Он посмотрел на меня проницательным печальным взглядом. Глоток виски частично отрезвил его на время, но он уже так опьянел, что возврат к трезвости был короток. Его лицо раскраснелось, жидкие волосы растрепались.
- Я знаю, что сейчас это выглядит маловероятным. Но учтите, это было двадцать лет назад. Не всегда же я был стариком. Как бы там ни было, но Изабель нравились мужчины старше ее. Она была очень привязана к отцу, но он не мог отнестись к ней с должным пониманием. Ее тогда отчислили из колледжа, в третий или четвертый раз. Она была ужасно замкнутой. Обычно проводила свои дни здесь, на пляже, одна. Постепенно мы обнаружили, что между нами много общего. Мы общались с ней, говорили обо всем. Она не захотела продолжать занятия. Ей не хотелось покидать меня. Она в меня влюбилась.
- Вы шутите.
Я нарочно подзадоривал его, и он реагировал с живостью алкоголика. От злости его обычно серые щеки еще больше покраснели:
- Это правда. Она полюбила меня. В то время у меня были свои переживания и я был единственным человеком, который ее понимал. И она уважала меня! Я закончил Гарвардский университет, вы знали об этом? В первую мировую войну три года прожил во Франции. Служил санитаром, таскал носилки.
Я подумал, что ему, значит, около шестидесяти лет. И двадцать лет назад ему было не меньше сорока, Изабель же, вероятно, двадцать.
- Кем вы ощущали себя с ней? - спросил я. - Добрым дядюшкой?

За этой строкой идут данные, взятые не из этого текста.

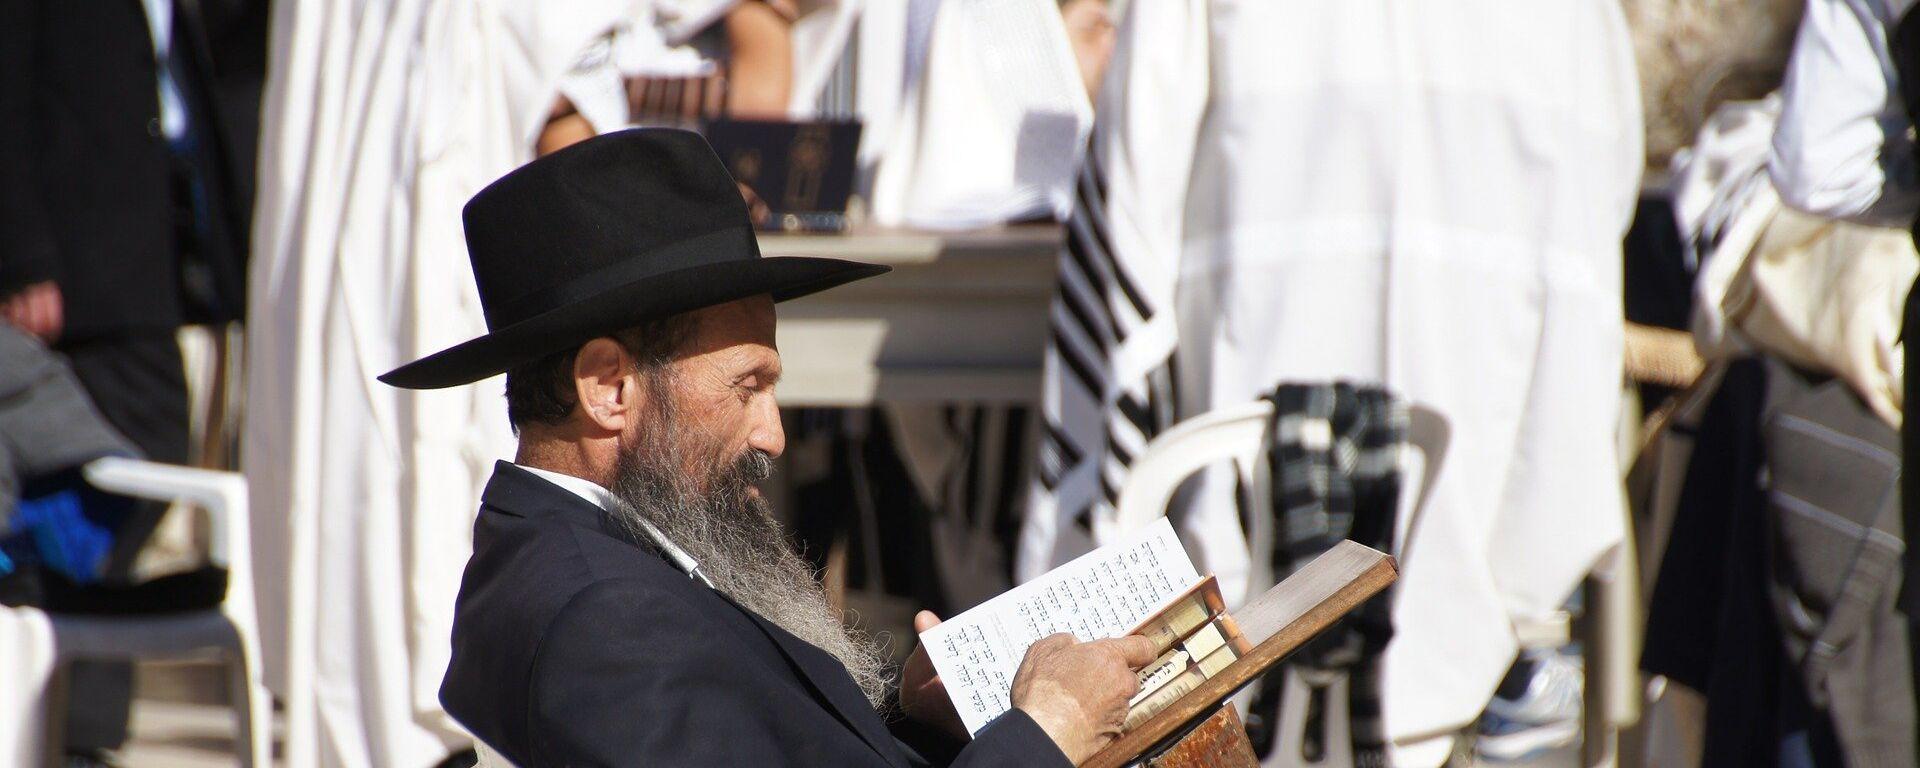 Żyd czytający książkę - Sputnik Polska, 1920, 04.07.2021

- Я полюбил ее. Я любил только двух женщин в своей жизни - ее и свою мать. И я бы на ней женился, если бы этому не воспротивился ее отец. Питер Гелиопулос не одобрил меня.
- Поэтому он выдал ее замуж за Граффа.
- Да, за Саймона Граффа. - Он весь дрожал, переполненный страстью слабого и послушного человека, который редко проявляет свои истинные чувства. - За выскочку и нахала, бабника и обманщика. Я узнал Саймона Граффа, когда он только приехал сюда как иммигрант и был никем, ничтожеством в этом городе. Стал помощником режиссера на быстрых поделках вестернов, имея всего один приличный костюм. Он мне нравился, он делал вид, что и я нравлюсь ему. Я давал ему взаймы деньги, организовал гостевое членство в клубе, познакомил с нашими людьми. Господи, я же и познакомил его с Гелиопулосом! Через два года он стал постановщиком на студии Гелио и женился на Изабель. Все, что у него теперь есть, все, чего он добился, - результат его удачной женитьбы по расчету. И у него нет элементарной порядочности, чтобы хотя бы прилично с ней обращаться!
Бассет встал и сделал широкий, размашистый жест, но не удержался: алкоголь шарахнул его не подотчетное мозгу тело к стене. Уронив стакан, Бассет уперся в стену, чтобы удержаться на ногах. Но стена наклонилась для него и не стала ему опорой: он согнулся и с глухим стуком плюхнулся на покрытый ковром пол.
- Што-то т-т-ам так-кое, - пробормотал он удивленно.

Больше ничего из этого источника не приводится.